There are three kind of orientation:

  1. Optical -- characteristic objects, light (e.g., rocks, plants, sun, and moon)
  2. Positive/negative (phototaxis) -- the angle to the light (Menotaxis)
  3. Gravity (Geomenotaxis) -- on a slanting surface ant can move in every angle to the gravity and can use the gravity attraction as a directional aide.
  4. chemical as described above.

What do ants eat?
Ants like a mixture of honey and water, insects, and greases. They will eat almost anything except solid food. All food must be liquid. Not only food, ants need water. --Angelo

Ant larvae can consume solids unlike adult ants. I've seen ants move powered sugar. I think in general to actually consume food this is correct. Yes, ants do need water -- especially during a drought. That explains why they can be found around faucets, toilets, and sinks in houses during dry weather. They are foraging for water.

Some species, like the leaf-cutter ants (Atta and Acromyrmex), use leaves to produce fungi in their nests as a food source. Harvester ants collect seeds to store food. Some species even use aphids, as if they were their cows, for their juice from plants. Some species forage by going to various fruits and flowers to collect nectar, especially with the honey pot ants. There are some honey pot ants that stay in the colonies to act the container with their HUGE abdomens, and they can barely move!

Can ants talk/communicate?
Yes. Ants often hold meetings. When an ant wants to attract the attention of another ant, it taps that ant on the head with its antennas/feelers. Ants communicate by chemical, touch, sound, smell, and sight.

Ants also can relay sounds by tapping their body against a part of the nest. I believe some carpenters do this. The other methods involve jerking movements, sometimes one will pull another with its mandibles (I've personally observed this with workers wanting to move a queen from one place in nest to another).

Chemicals equally are important -- some release chemicals on finding food (laying a trail back to food source) -- others when they encounter a foreign nest.

Atta and Acromyrmex (leaf-cutters) have a stridulatory organ. A sharp scraper rubs against a file of transverse ridges. All acoustical alarms like stridulating or knocking always comes together with chemical alarms. They do not work by themselves, but as a compound together with the chemical alarm.
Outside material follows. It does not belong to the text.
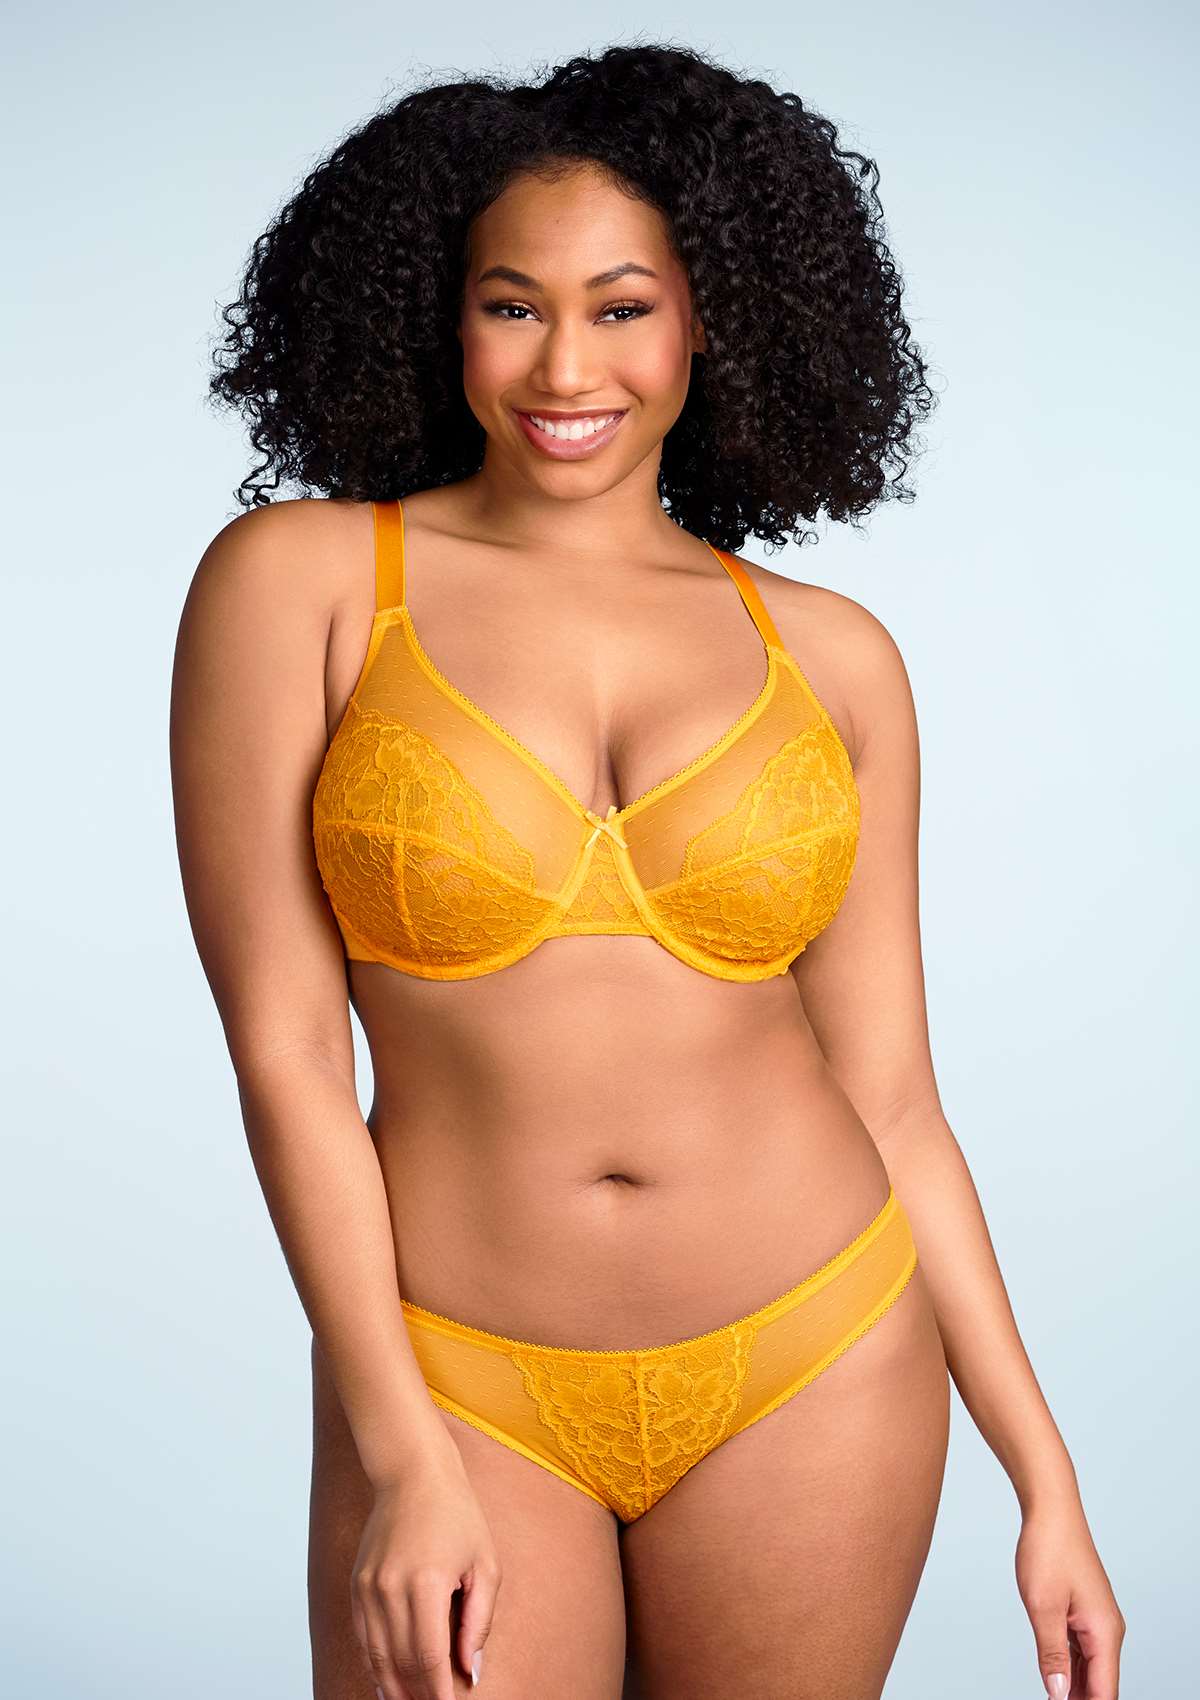 HSIA Enchante Bra And Panty Sets: Unpadded Bra With Back Support - Cadmium Yellow / 42 / G
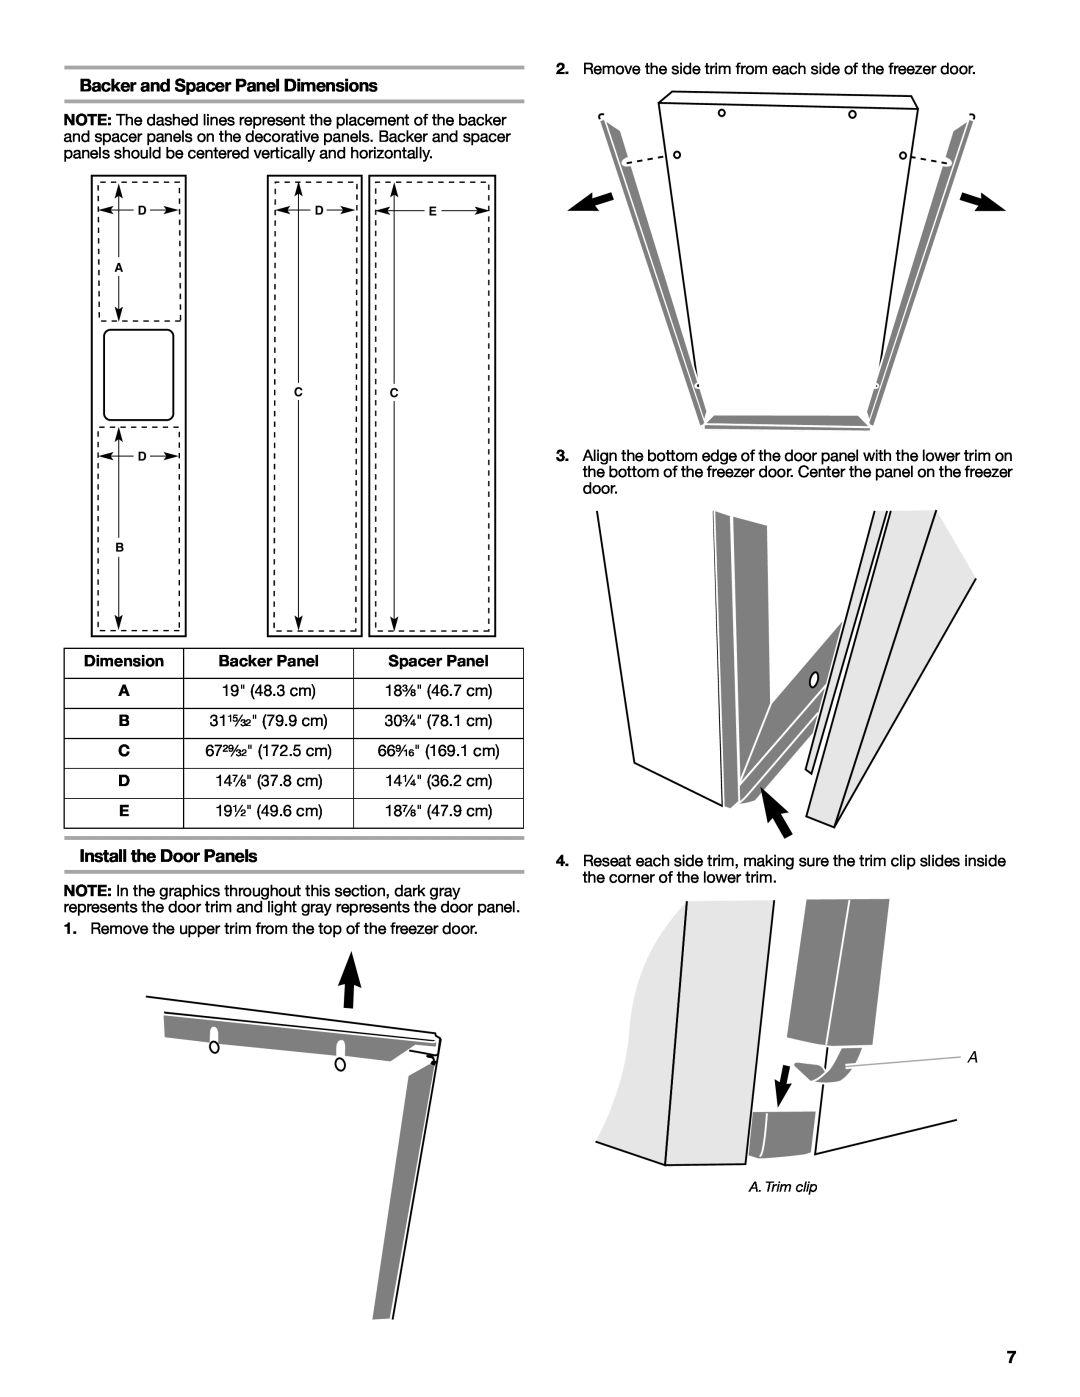 Whirlpool W10168334B installation instructions Backer and Spacer Panel Dimensions, Install the Door Panels, Backer Panel

Ants are thought to communicate in a number of ways. This varies from species to species, some using all of them, others relying on one. Chemicals are used to relay messages as well as leave trails for other ants to follow. This can lead to freshly killed prey, a water source, nectar or other food source, insects which can be farmed such as aphids, other ants which can be friendly or hostile, or other insects and threats to the ants such as termites. Touch, sound, smell, and sight can also be used.

How long do ants generally live?
It depends on the species. According to UMI's handbook, a worker ant can live one to two years from birth.

Many ant workers live less than a year as adults. Pharaoh ant (Monomorium pharaonis) and ghost ant (Tapinoma melanocephalum) live only a few weeks. Queens of these species live less than a full year. Colonies of these two types are almost constantly producing new broods of queens, males, and workers to keep up with the mortality. By contrast, workers of many mound ants (Formica rufa and relatives) and cornfield ants (Lasius niger and relatives) live 1-3 or more years and their queens may live over ten years. These types produce queens and males only once a season. The record appears to be a queen cornfield ant caught just after mating, which went on to live 22 years in a lab colony, producing fertile eggs until the last few months of her life.